The colleges want more active participation with patients in planning for their care.

The most common complications after surgery include wound infection and chest infection. Poor cardiorespiratory fitness worsens post op complications. Even modest improvement in activity can improve chest and heart function to some extent.  Keeping alcohol intake low can improve wound healing. Stopping smoking is also important for almost all complications. Measures to reduce anaemia also reduce immediate and long term problems from surgery and also reduce the need for blood transfusion. Blood transfusion is associated with poorer outcomes particularly with cancer surgery. HbA1Cs over 8.5% or 65 mmol/mol causes more wound complications and infections.  Blood pressure needs to be controlled to reduce cardiovascular instability during the operation and cardiovascular and neurological events afterwards.

This toolkit is already being used in surgical pre-assessment clinics but access to the materials in GP practices will also help. After all, the GPs are the ones who are initially referring the patients for surgery, and improving participation early can only be helpful.

It is hoped that this initiative will result in patients having fewer complications, better outcomes from surgery but also from their improved lifestyle.

 

Take your blood pressure pills at night

Adapted from BMJ Take anti-hypertensives at night says study. Susan Major 2 Nov 19

Taking your blood pressure medication at night gives you better blood pressure control and nearly halves cardiovascular events and deaths compared to taking them in the morning.

This study was done on nearly 20 thousand patients with an average age of 60 for six years. The reductions in events included cardiovascular death, heart attacks, coronary artery revascularisation, heart failure and stroke.

Professor of cardiovascular medicine at Sheffield, Tim Chico said, ” As taking medications at bedtime poses little risk there is enough evidence to recommend that patients consider taking their medication at bedtime.”

Bariatic surgery doubles congenital abnormalities in babies

From BMJ 30 Nov 19

A retrospective analysis from Quebec of 2 million pregnant women who had delivered between 1989 and 2016 showed that offspring of women who had become pregnant after bariatric surgery had roughly twice the risk of birth defects compared to women who were not obese or who were obese but had not had surgery.

The defects were mainly heart and musculoskeletal defects.

My comment: This short report does not go into possible causes for this.

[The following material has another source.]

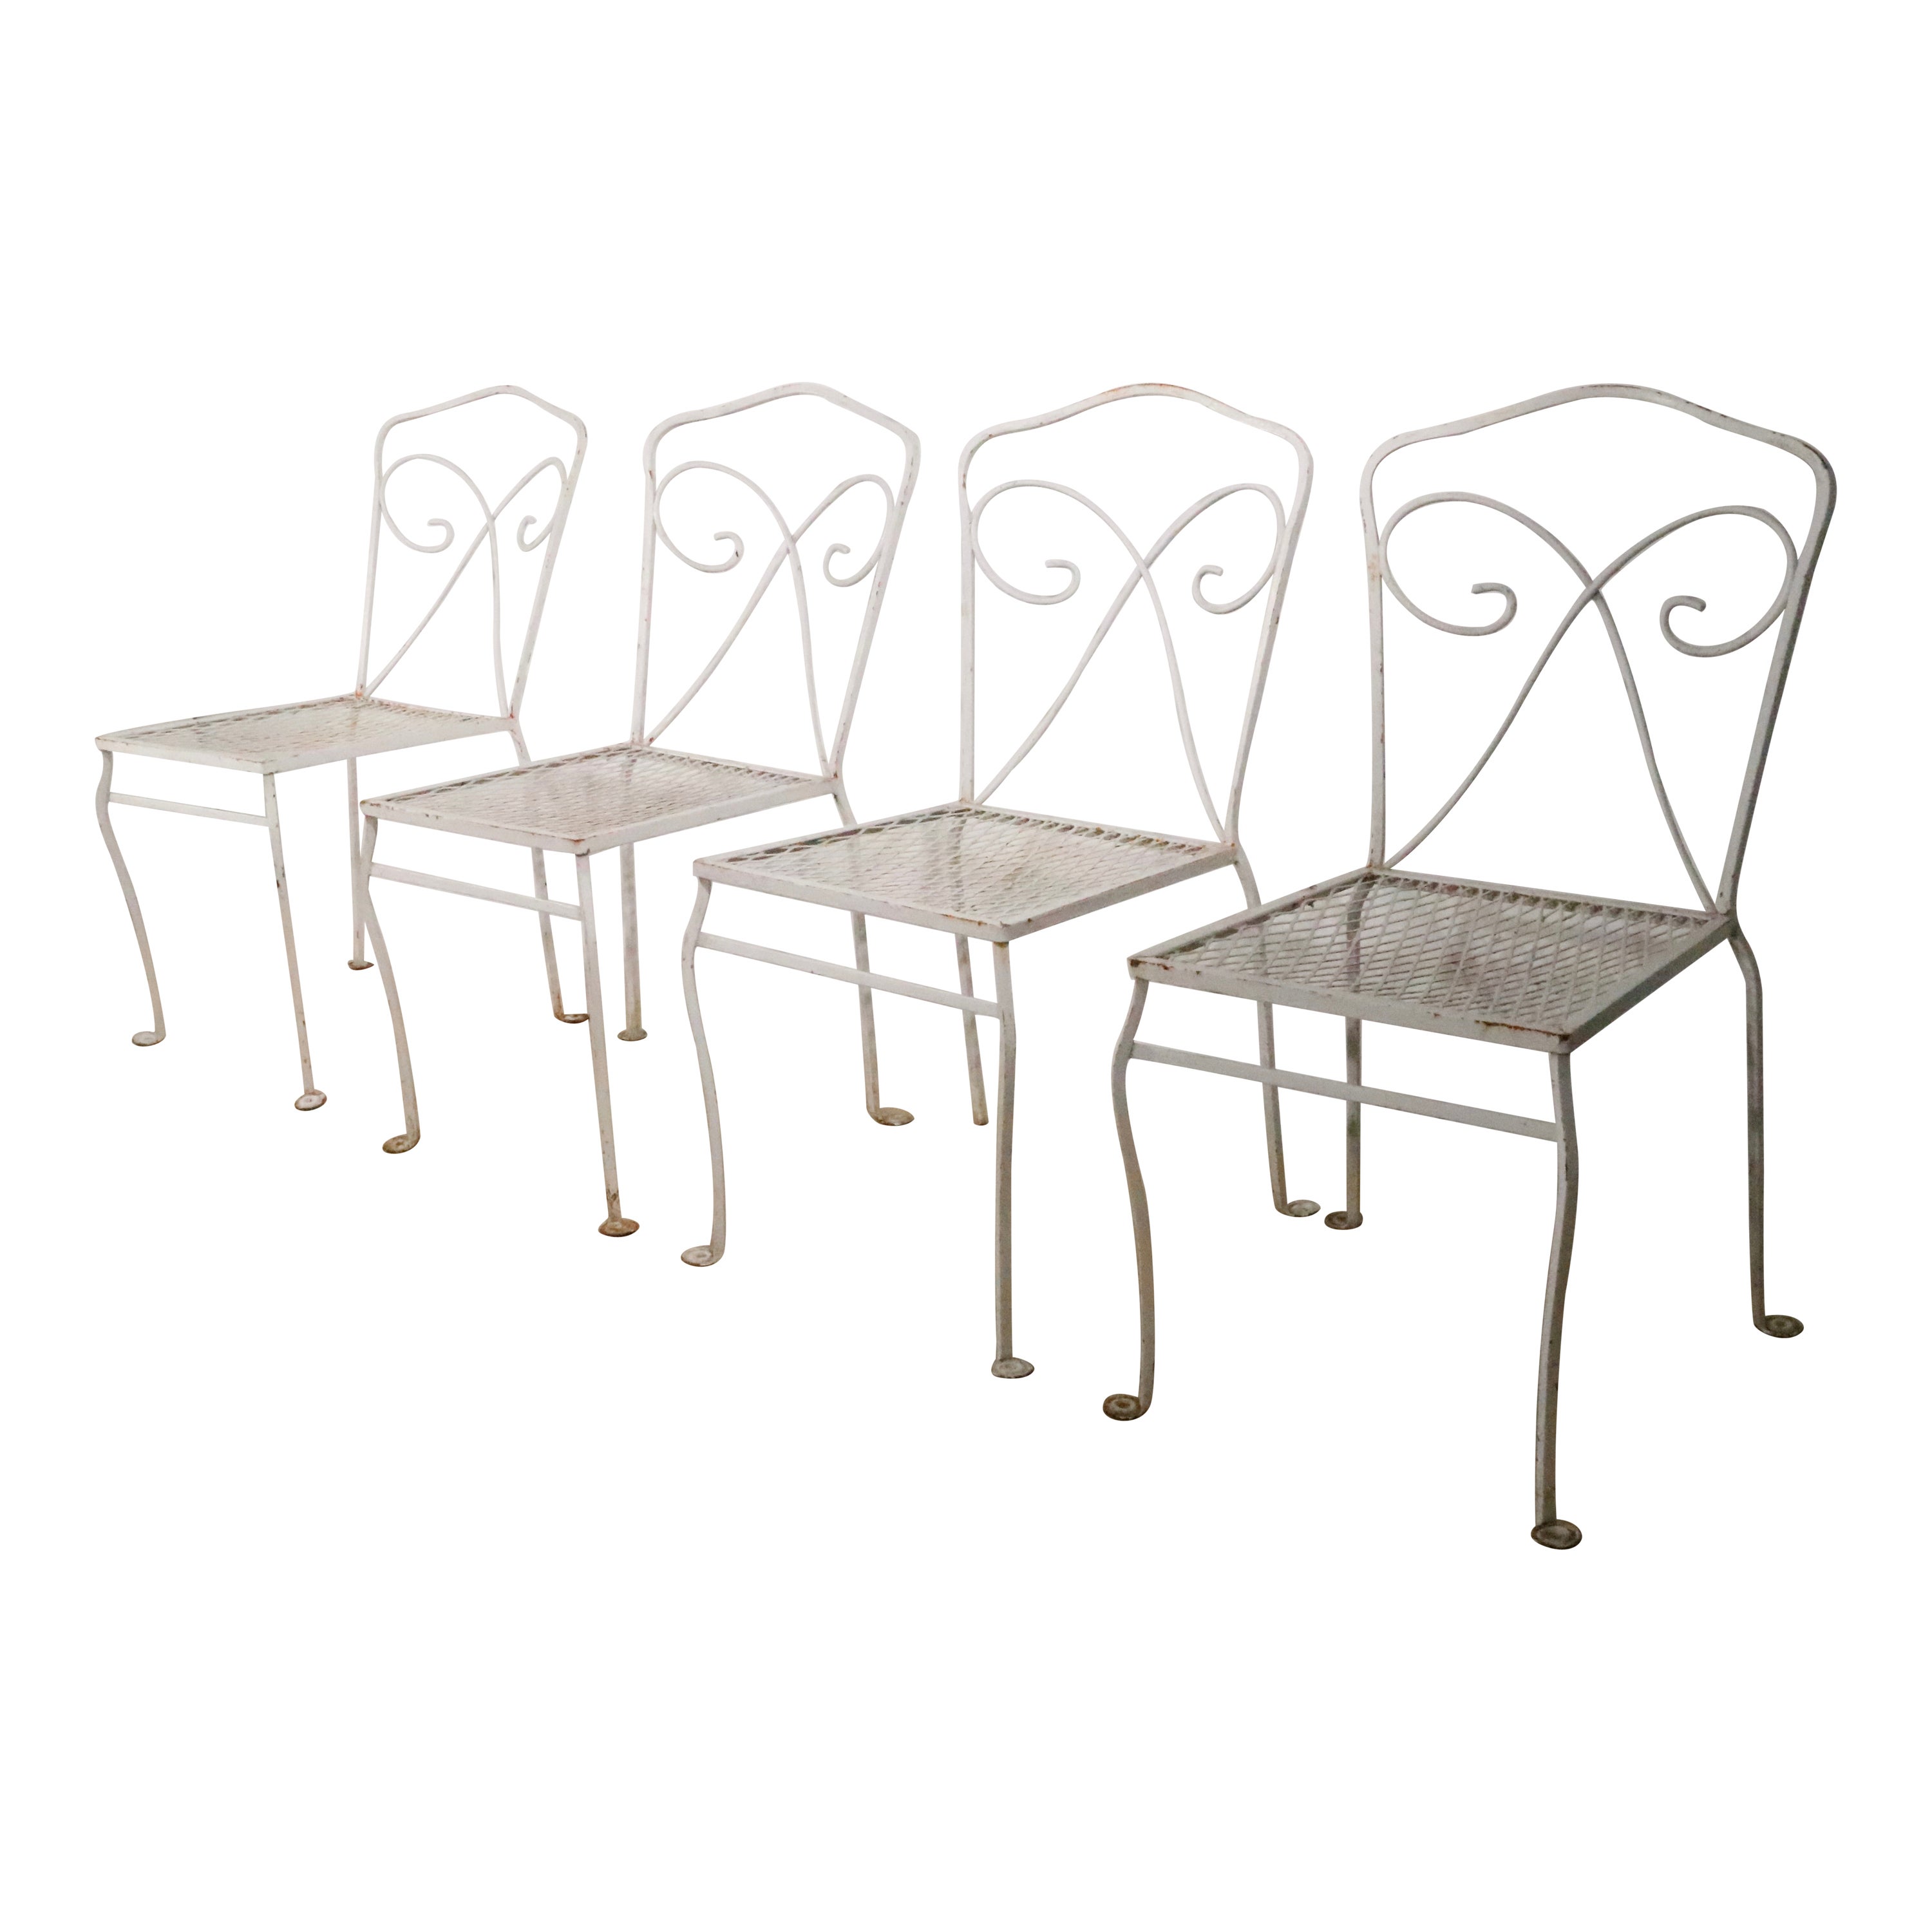 Set of Four Wrought Iron Garden Patio Chairs Possibly by Woodard c 1950/1970s 
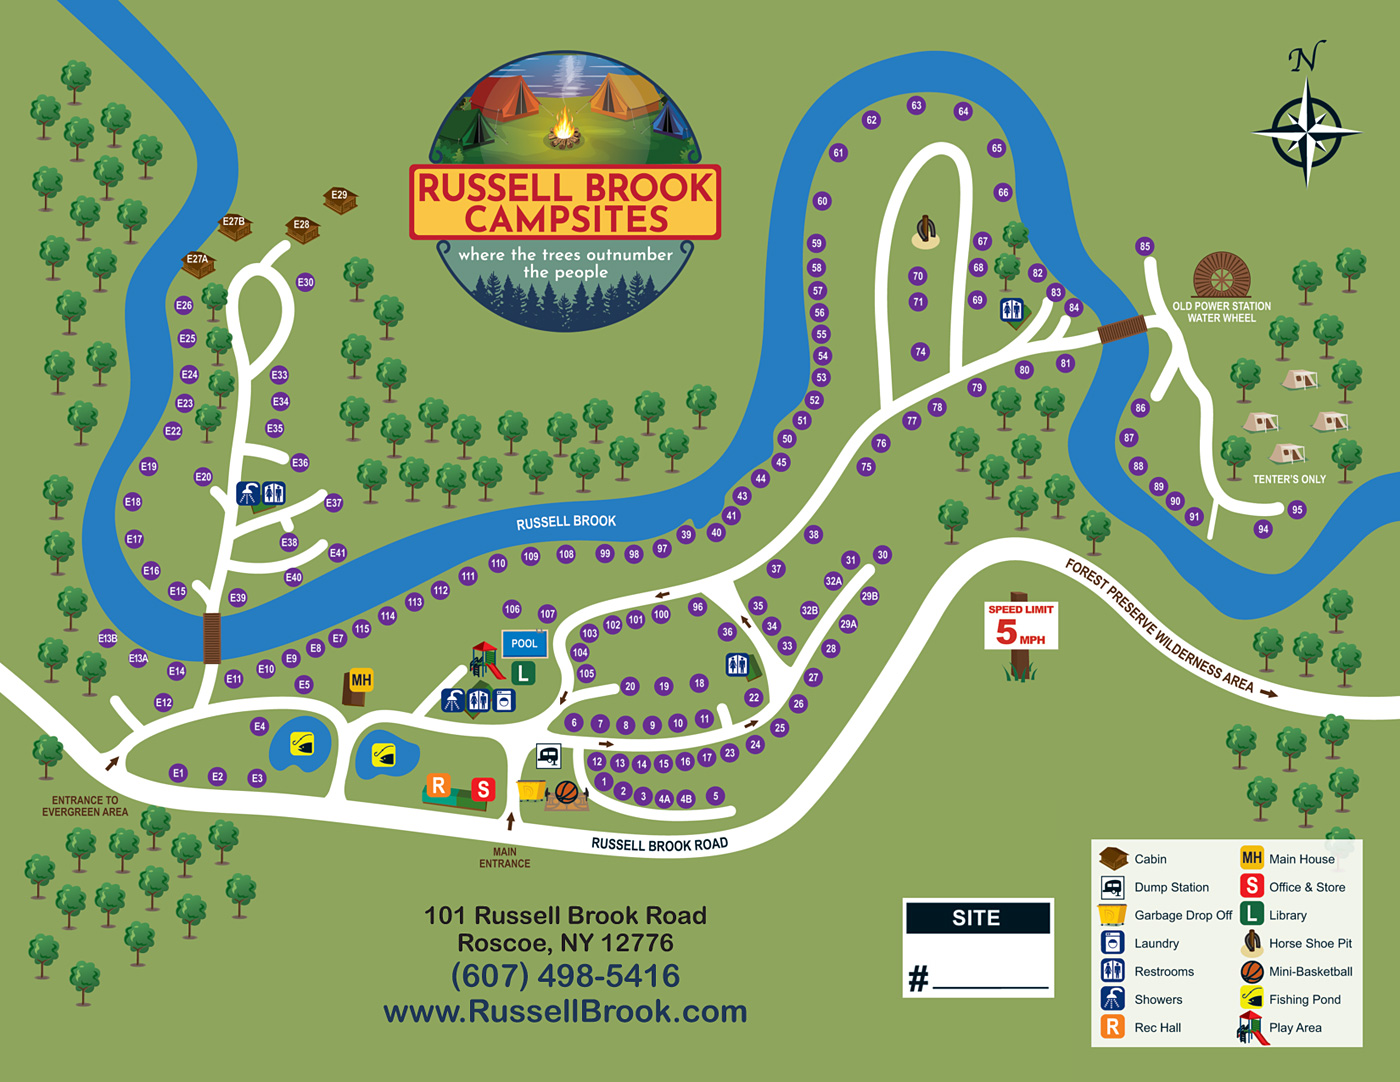 Russell Brook Campsites Site Map

You would have thought that the risk would have been reduced to the level of the non obese women. I wonder if nutritional issues have a part to play as after bariatric surgery long term vitamin supplements need to be taken. 

Your brain needs 50g of glucose a day

Adapted from Richard Feinman’s Nutrition in Crisis 

We have all heard NHS dieticians and diabetologists telling us that we will die of brain failure or get severe brain damage when we go on low carb diets because the brain needs 130g of glucose a day.

We will typically remind them that the glucose does not need to be ingested since our livers are perfectly able to manufacture well over 130g of glucose a day, the process called gluconeogenesis.

Richard Feinman is a cell biologist and he has an even finer retort.

The 130g of glucose a day necessity was discovered by George Cahill. This was the amount of glucose that a brain uses in normal nutritional states. It is indeed the case that this glucose can be ingested or manufactured in the liver or both.

Under starvation conditions however, the brain will only use 50g of glucose a day.  In starvation, the utilisation of ketone bodies becomes more important for brain function.

Unfortunately, nutritionists picked up on the 130g of glucose a day message and have been repeating it ever since. Cahill is reported to have said that by the time he was aware of the simplified but inaccurate message, it was too late to stop it.

Thus, it is not always true that you need 130g of glucose a day for brain function and it is never true that this must be from dietary carbohydrate.

So, if you get the old chestnut thrown at you, you know what to say now!